- Listed entries
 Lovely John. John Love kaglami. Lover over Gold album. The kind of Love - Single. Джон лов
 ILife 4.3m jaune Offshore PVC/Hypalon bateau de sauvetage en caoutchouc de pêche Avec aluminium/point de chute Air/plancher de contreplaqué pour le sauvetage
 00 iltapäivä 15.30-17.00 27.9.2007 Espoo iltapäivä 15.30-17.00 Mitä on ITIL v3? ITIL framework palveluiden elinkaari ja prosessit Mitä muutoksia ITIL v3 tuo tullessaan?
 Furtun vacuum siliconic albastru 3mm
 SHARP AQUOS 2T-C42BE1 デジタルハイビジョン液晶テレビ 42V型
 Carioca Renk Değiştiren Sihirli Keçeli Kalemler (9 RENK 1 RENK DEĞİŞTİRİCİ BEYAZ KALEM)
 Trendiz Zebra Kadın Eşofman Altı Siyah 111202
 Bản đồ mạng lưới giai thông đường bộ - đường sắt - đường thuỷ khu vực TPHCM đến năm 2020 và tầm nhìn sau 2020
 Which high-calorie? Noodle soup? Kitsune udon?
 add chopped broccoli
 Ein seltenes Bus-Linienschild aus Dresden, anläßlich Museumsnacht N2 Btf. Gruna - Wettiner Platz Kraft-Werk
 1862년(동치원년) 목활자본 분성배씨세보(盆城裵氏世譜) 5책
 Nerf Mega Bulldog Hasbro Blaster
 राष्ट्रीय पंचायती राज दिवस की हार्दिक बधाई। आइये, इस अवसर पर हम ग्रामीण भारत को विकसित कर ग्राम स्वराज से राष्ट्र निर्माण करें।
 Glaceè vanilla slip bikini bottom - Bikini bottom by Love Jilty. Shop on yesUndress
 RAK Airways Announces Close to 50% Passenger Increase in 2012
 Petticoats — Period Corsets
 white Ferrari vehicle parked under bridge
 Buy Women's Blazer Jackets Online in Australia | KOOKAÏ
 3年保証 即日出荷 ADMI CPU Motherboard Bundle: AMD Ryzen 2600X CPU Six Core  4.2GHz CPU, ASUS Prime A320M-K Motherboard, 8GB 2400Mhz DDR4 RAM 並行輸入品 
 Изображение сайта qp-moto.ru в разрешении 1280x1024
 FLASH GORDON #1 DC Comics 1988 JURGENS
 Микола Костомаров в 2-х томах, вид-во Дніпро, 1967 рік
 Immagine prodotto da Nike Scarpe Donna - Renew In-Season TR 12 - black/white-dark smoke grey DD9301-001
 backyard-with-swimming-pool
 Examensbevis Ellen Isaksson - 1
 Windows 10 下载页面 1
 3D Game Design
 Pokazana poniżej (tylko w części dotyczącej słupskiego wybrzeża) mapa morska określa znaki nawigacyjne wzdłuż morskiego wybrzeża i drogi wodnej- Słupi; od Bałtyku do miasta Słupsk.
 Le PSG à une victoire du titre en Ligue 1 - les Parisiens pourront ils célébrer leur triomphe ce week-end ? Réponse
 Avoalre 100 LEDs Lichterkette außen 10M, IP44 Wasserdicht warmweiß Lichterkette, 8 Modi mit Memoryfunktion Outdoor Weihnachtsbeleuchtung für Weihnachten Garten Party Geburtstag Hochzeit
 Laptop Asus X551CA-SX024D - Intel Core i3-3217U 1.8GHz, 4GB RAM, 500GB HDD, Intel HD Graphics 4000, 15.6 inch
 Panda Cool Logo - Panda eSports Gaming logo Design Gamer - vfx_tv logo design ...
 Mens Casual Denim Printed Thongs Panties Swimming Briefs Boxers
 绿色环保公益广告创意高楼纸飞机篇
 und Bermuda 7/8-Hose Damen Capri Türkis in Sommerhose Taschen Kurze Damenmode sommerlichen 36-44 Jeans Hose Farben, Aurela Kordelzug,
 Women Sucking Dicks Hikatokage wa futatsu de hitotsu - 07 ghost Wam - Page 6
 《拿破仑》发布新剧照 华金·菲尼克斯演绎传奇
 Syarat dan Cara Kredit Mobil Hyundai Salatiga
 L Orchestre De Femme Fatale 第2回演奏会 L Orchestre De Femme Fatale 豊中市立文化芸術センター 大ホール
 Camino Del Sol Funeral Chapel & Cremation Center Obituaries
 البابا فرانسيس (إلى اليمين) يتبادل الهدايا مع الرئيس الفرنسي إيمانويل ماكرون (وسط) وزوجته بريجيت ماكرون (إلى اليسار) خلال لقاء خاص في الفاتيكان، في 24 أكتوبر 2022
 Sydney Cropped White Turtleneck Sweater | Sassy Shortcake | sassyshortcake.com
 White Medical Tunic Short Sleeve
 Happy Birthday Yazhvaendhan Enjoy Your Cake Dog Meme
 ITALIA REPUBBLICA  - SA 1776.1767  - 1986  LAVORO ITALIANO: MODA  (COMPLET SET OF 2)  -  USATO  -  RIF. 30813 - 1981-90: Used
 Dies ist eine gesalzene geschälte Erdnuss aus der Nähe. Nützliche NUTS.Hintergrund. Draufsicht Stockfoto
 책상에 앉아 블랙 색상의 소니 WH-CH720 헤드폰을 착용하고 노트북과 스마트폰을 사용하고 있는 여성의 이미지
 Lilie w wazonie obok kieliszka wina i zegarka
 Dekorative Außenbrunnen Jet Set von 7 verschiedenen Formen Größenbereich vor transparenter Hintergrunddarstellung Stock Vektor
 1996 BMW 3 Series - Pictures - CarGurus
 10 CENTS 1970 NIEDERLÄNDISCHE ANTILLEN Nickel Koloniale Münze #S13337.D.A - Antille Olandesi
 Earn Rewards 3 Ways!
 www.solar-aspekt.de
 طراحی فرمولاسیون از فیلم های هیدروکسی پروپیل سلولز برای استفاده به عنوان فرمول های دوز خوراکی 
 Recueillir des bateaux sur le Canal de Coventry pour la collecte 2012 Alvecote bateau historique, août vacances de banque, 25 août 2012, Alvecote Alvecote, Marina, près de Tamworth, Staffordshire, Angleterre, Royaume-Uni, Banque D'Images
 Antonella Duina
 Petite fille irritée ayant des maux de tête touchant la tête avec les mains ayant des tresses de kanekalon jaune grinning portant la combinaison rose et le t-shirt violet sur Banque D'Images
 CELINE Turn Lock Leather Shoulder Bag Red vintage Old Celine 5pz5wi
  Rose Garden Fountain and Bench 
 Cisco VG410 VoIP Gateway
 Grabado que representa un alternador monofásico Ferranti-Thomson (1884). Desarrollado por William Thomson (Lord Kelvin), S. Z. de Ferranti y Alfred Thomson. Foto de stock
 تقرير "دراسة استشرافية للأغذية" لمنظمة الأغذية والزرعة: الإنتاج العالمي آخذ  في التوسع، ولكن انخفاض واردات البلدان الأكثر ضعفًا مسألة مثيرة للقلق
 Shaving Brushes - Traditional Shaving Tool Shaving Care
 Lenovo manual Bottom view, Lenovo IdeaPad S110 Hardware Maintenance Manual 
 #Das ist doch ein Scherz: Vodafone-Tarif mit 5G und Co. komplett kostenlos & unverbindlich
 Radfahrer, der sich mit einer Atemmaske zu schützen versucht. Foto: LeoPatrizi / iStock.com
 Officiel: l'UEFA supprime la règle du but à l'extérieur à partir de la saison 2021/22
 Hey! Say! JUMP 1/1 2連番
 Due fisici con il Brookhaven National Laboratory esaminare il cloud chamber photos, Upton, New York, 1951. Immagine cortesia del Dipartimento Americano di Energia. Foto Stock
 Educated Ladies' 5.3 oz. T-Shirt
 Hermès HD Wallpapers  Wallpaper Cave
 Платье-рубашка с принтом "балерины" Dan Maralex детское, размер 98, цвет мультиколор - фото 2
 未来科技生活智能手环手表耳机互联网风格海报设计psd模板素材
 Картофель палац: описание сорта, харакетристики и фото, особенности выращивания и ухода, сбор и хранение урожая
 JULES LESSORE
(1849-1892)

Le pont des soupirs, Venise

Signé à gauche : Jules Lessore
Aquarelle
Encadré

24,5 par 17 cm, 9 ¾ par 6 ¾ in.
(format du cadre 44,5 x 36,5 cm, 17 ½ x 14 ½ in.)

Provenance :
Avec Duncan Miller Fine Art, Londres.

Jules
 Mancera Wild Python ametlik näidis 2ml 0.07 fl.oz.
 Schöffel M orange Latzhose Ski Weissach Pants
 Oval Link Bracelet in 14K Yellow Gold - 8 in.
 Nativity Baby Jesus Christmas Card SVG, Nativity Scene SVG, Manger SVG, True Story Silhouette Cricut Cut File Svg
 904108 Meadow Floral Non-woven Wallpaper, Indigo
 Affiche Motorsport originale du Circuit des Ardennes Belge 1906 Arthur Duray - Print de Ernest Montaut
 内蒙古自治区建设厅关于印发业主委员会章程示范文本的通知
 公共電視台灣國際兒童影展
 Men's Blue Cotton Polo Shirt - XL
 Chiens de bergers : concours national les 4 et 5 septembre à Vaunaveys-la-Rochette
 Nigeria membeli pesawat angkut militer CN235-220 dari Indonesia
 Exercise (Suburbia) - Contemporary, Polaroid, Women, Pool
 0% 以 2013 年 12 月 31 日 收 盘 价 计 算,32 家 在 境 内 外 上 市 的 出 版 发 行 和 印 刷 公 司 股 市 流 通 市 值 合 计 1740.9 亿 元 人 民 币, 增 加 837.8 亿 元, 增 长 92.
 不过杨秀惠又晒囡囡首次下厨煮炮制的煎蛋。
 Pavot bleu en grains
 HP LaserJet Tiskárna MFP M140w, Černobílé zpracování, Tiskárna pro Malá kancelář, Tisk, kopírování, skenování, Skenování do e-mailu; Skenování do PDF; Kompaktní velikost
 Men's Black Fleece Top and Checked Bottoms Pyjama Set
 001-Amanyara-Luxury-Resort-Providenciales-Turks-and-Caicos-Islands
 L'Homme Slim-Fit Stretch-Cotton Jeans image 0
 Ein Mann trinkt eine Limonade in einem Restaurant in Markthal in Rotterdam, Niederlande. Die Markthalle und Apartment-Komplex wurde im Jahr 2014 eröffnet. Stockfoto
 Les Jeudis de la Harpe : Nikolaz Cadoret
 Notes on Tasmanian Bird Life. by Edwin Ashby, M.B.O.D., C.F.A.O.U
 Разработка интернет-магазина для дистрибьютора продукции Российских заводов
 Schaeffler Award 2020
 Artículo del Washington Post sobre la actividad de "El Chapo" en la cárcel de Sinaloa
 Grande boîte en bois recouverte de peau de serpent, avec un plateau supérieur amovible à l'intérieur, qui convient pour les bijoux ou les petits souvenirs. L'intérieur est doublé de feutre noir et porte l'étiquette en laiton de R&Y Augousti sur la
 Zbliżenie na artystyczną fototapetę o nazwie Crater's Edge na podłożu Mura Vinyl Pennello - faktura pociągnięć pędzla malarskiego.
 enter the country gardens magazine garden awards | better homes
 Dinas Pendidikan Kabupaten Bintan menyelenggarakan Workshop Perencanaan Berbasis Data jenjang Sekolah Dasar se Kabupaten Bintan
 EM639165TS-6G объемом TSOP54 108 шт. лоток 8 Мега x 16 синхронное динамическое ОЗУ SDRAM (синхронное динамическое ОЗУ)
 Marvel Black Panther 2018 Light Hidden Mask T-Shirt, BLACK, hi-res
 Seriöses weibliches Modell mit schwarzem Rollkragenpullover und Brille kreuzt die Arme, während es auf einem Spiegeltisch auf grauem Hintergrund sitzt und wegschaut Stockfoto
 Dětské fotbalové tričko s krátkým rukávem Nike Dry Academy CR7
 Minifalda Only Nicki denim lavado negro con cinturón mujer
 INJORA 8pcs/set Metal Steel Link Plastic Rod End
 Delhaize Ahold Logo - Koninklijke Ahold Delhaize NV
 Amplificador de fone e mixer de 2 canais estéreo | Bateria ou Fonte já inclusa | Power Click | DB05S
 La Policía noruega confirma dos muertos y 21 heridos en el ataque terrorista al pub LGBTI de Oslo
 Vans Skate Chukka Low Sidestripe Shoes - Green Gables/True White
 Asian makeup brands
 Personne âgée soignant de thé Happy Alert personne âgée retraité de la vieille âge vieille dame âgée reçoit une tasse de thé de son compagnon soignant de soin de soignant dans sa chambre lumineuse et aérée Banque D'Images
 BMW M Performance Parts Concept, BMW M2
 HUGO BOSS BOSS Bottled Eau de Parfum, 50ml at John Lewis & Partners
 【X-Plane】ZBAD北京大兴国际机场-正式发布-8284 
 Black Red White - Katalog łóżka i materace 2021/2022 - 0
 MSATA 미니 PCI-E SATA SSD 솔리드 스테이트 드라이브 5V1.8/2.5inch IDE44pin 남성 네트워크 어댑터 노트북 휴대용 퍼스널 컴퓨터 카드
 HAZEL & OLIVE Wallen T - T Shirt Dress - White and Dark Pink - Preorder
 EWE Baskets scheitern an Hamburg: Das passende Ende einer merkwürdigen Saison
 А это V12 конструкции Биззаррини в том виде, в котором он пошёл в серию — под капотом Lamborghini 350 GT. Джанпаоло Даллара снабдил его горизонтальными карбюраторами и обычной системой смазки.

- Description of the task
Restate word for word the lines in the material above from the one with "#Das ist doch" to the one with "Officiel: l'UEFA supprime"; both of those lines count, and nothing else does.

- Answer to this exercise
 #Das ist doch ein Scherz: Vodafone-Tarif mit 5G und Co. komplett kostenlos & unverbindlich
 Radfahrer, der sich mit einer Atemmaske zu schützen versucht. Foto: LeoPatrizi / iStock.com
 Officiel: l'UEFA supprime la règle du but à l'extérieur à partir de la saison 2021/22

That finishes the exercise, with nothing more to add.